We know that $ {{\sin }^{2}}\theta =1-{{\cos }^{2}}\theta $ . Let us use this result in equation (2).
\[\Rightarrow {{\tan }^{2}}\theta -{{\sin }^{2}}\theta =\dfrac{{{\sin }^{2}}\theta \left( {{\sin }^{2}}\theta \right)}{{{\cos }^{2}}\theta }\].
\[\Rightarrow {{\tan }^{2}}\theta -{{\sin }^{2}}\theta =\dfrac{{{\sin }^{2}}\theta }{{{\cos }^{2}}\theta }\left( {{\sin }^{2}}\theta \right)\].
\[\Rightarrow {{\tan }^{2}}\theta -{{\sin }^{2}}\theta ={{\left( \dfrac{\sin \theta }{\cos \theta } \right)}^{2}}\left( {{\sin }^{2}}\theta \right)\] ---(3).

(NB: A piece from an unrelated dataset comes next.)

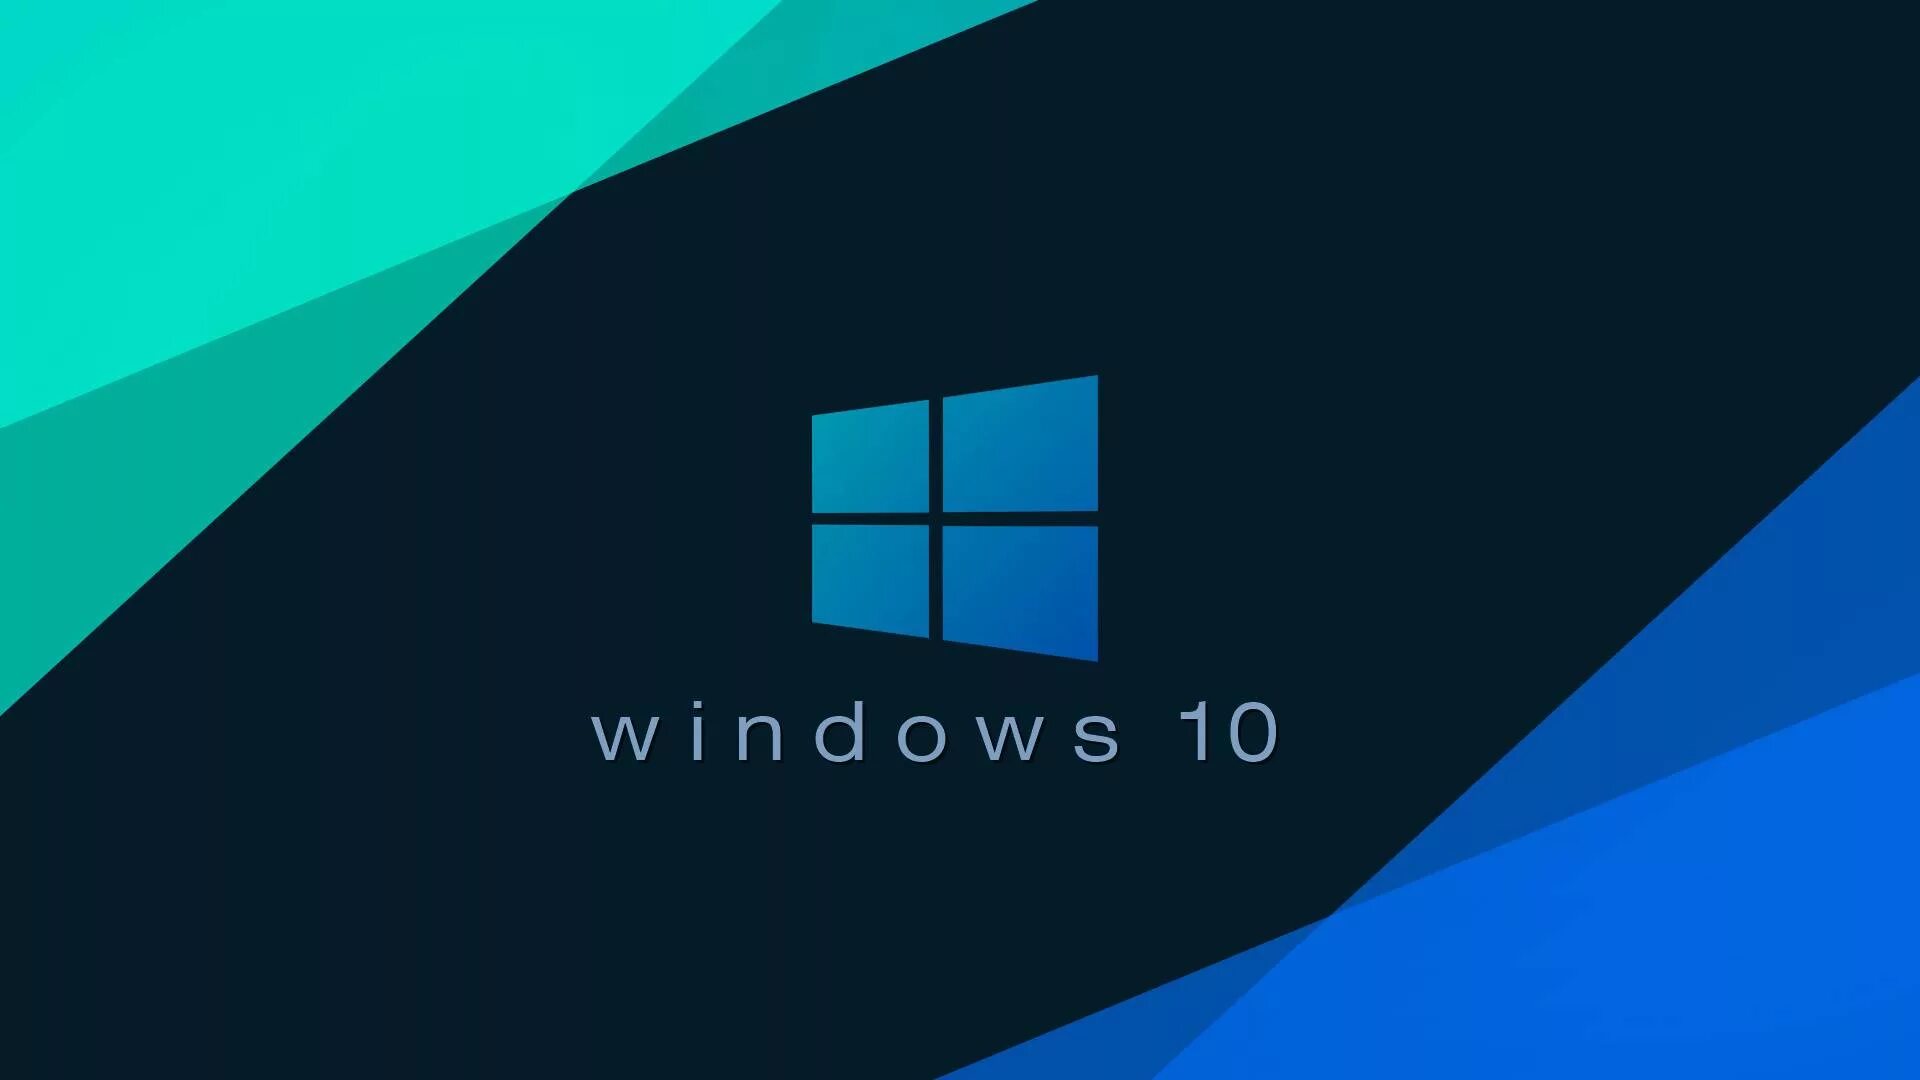 Шрифт вин 10. Виндовс. Виндовс 10. Рабочий стол Windows 10. Картинки Windows 10.

We know that $ \tan \theta =\dfrac{\sin \theta }{\cos \theta } $ . Let us use this result in equation (3).
\[\Rightarrow {{\tan }^{2}}\theta -{{\sin }^{2}}\theta ={{\tan }^{2}}\theta {{\sin }^{2}}\theta \] ---(4).
From equation (4), we can see that we have proved that the given L.H.S (Left Hand Side) is equal to the R.H.S (Right Hand Side) given in the problem.
$ \therefore $ We have proved the result $ {{\tan }^{2}}\theta -{{\sin }^{2}}\theta ={{\tan }^{2}}\theta {{\sin }^{2}}\theta $ .

Note:
 We can also verify the given result by substituting the angles in it and checking the values on both sides of the given equation. We should not make calculation mistakes while solving this problem. Whenever we get this type of problems, we first consider L.H.S (Left Hand Side) of the given result and then try to prove it equal to the R.H.S (Right Hand Side). Similarly, we can expect problems to prove the result \[\text{cose}{{\text{c}}^{2}}\theta +\text{se}{{\text{c}}^{2}}\theta =\text{cose}{{\text{c}}^{2}}\theta \text{se}{{\text{c}}^{2}}\theta \].